• **Your goal**
Down to the last line, set down the material below exactly; skip the pictures.

• **Exercise data**
- Opening Delimiter -
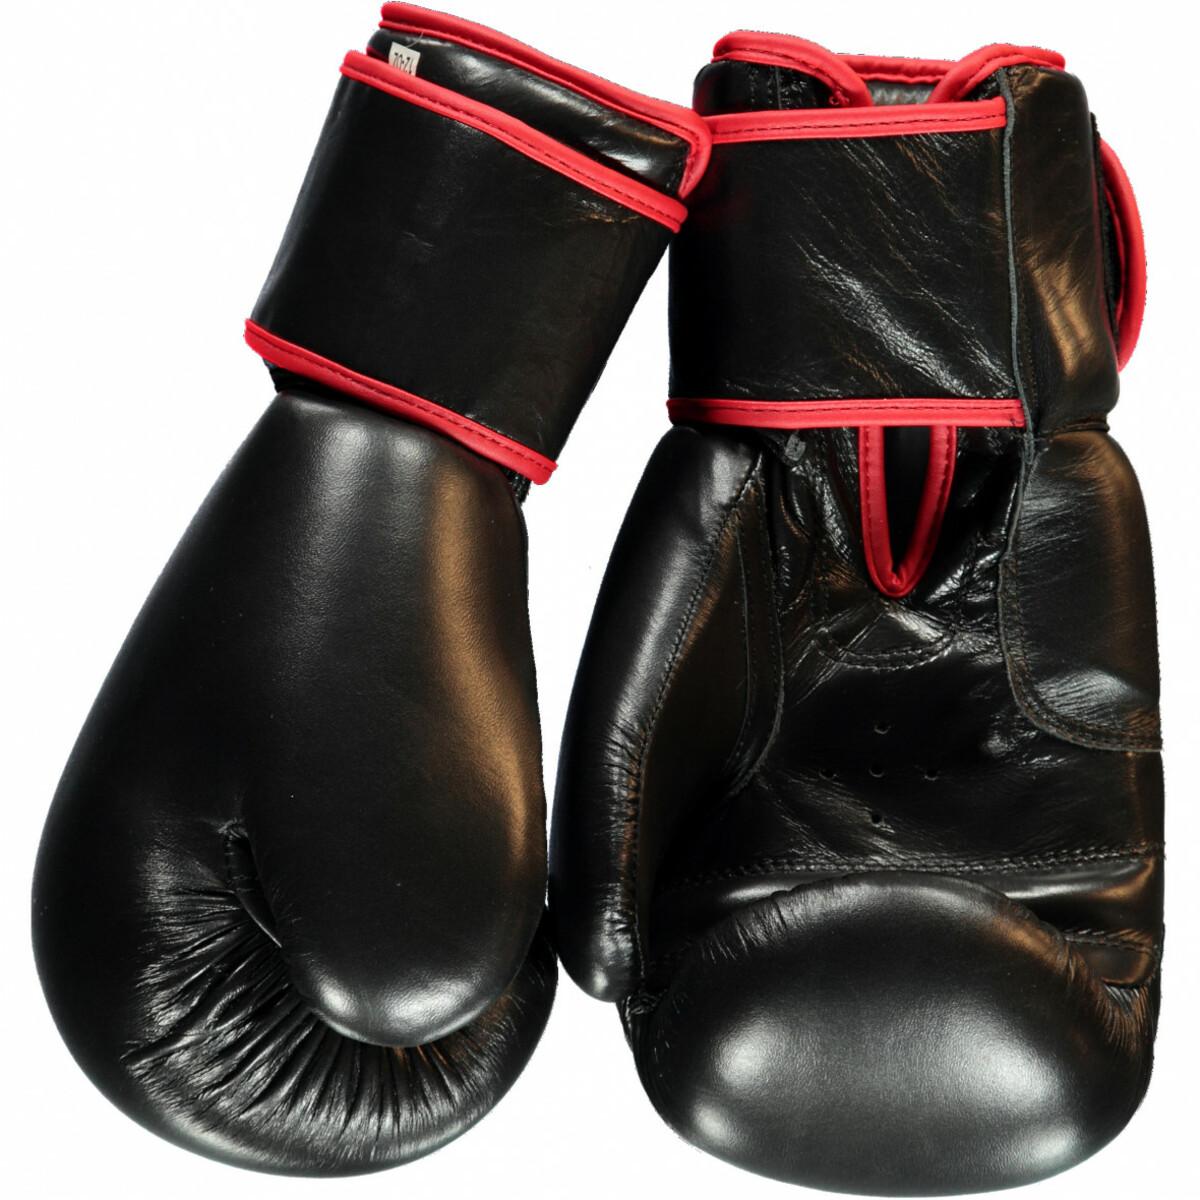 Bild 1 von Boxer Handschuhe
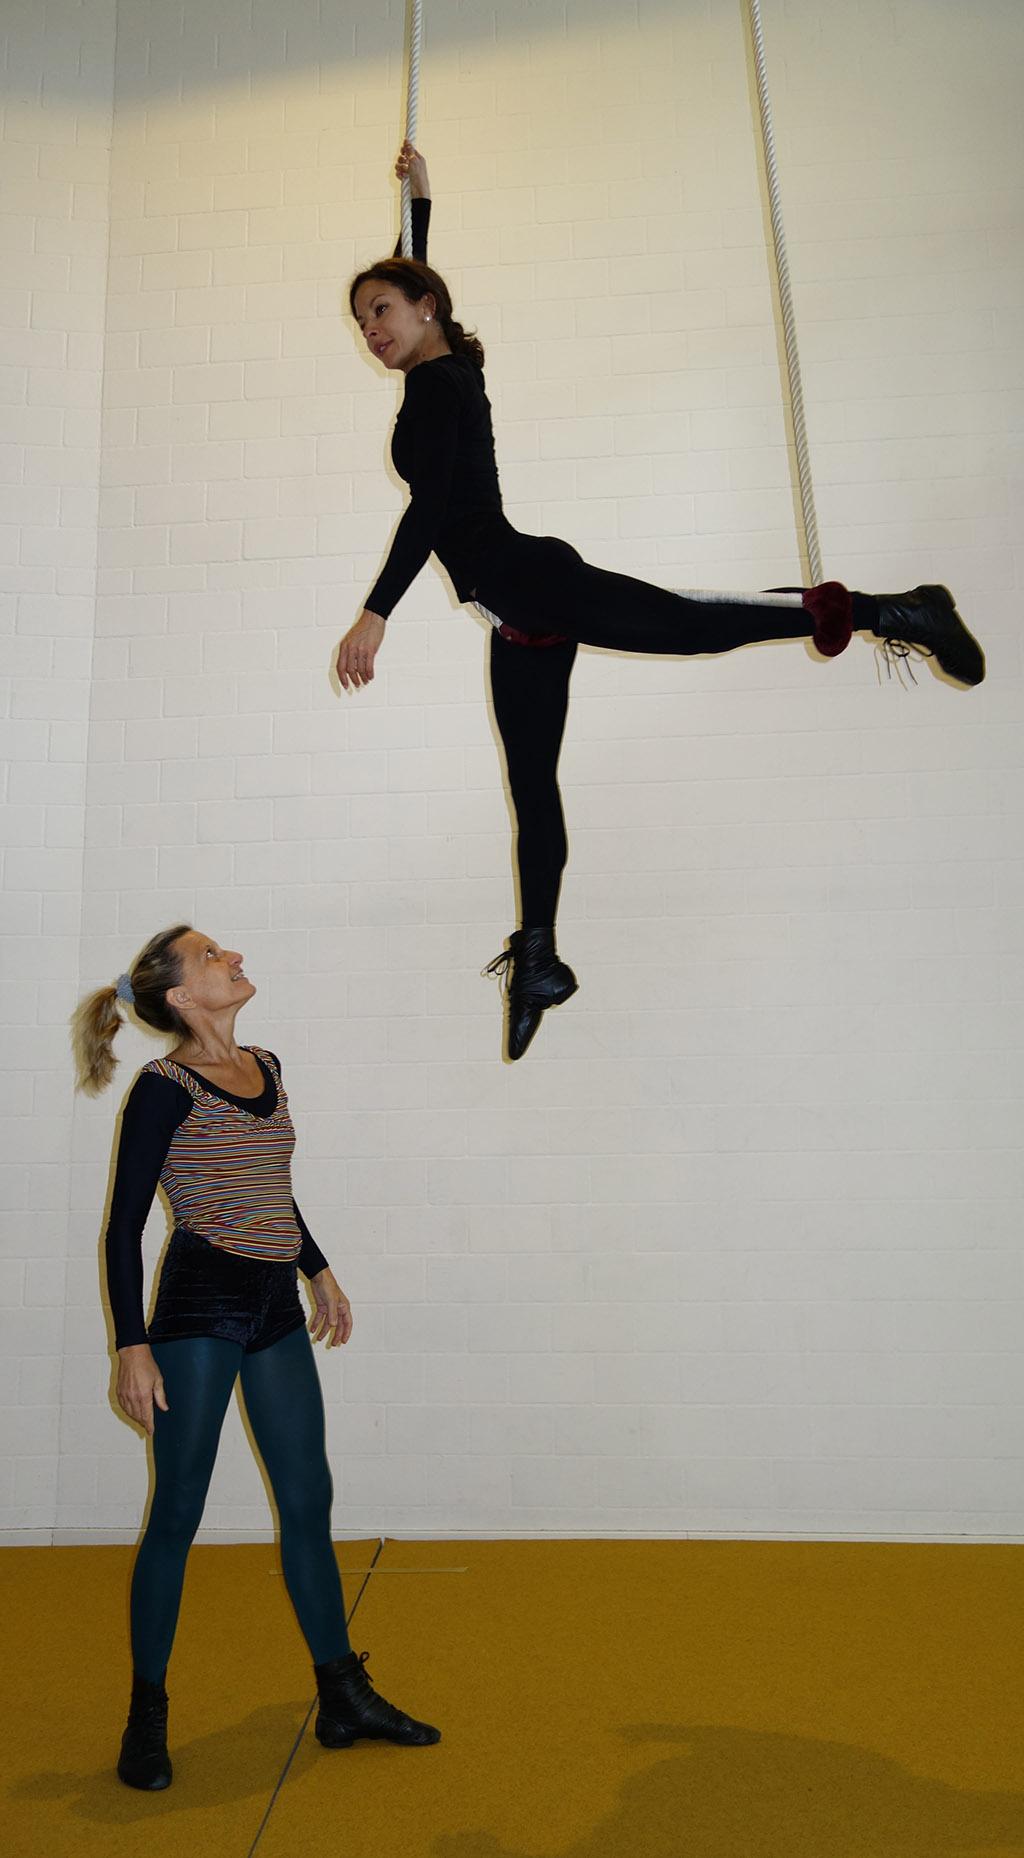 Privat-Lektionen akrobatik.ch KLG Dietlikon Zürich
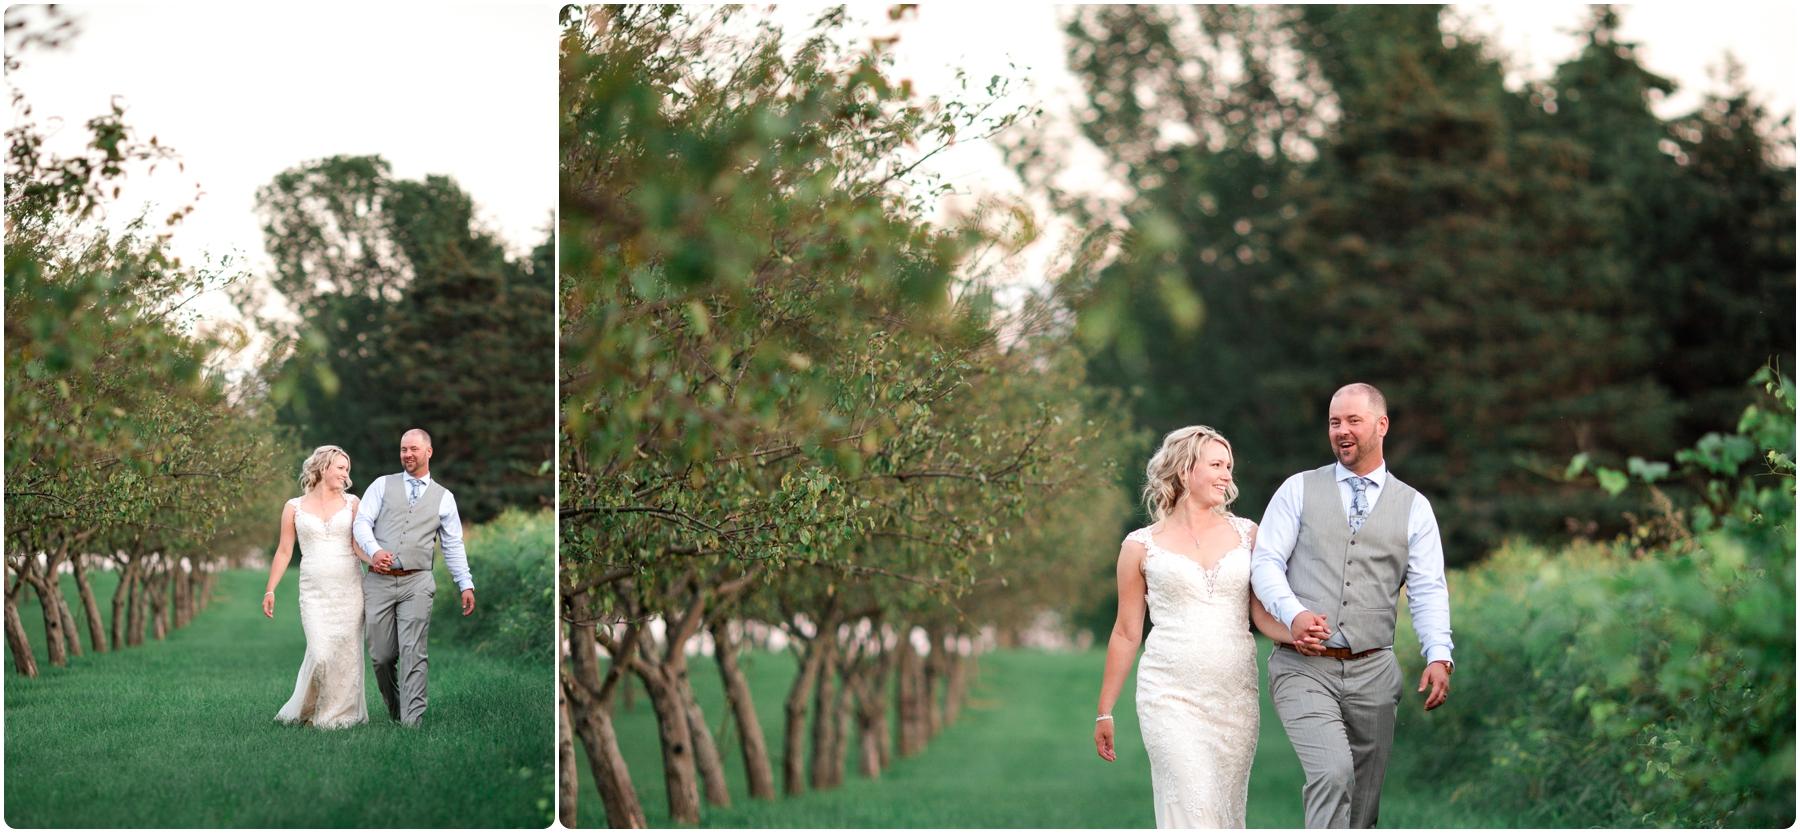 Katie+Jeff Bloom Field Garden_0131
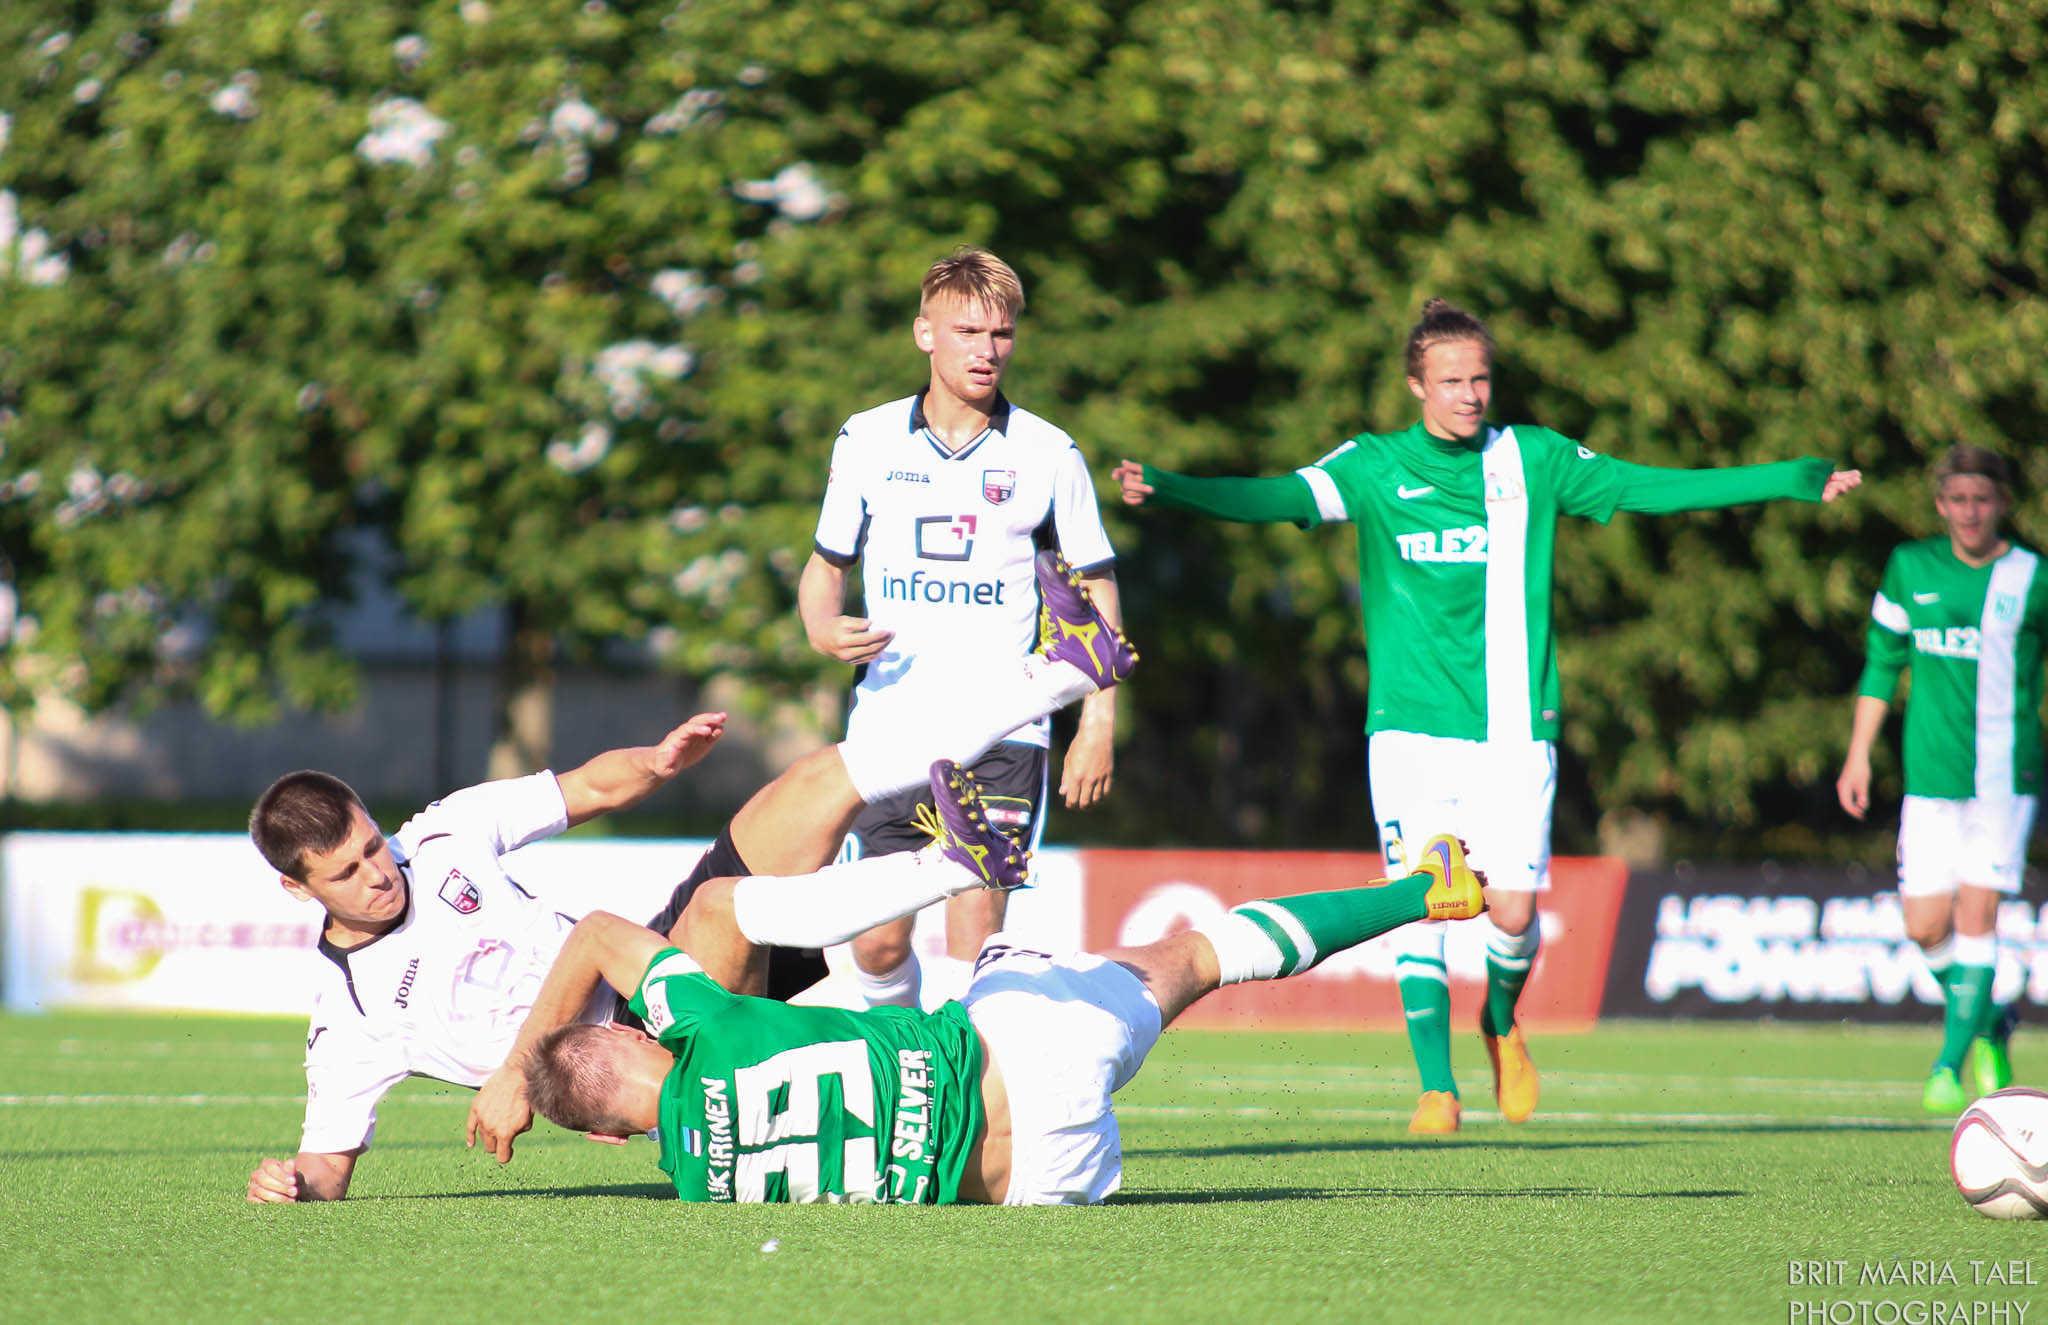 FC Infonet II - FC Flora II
- Closing Delimiter -
• **Solution**
 Bild 1 von Boxer Handschuhe
 Privat-Lektionen akrobatik.ch KLG Dietlikon Zürich
 Katie+Jeff Bloom Field Garden_0131
 FC Infonet II - FC Flora II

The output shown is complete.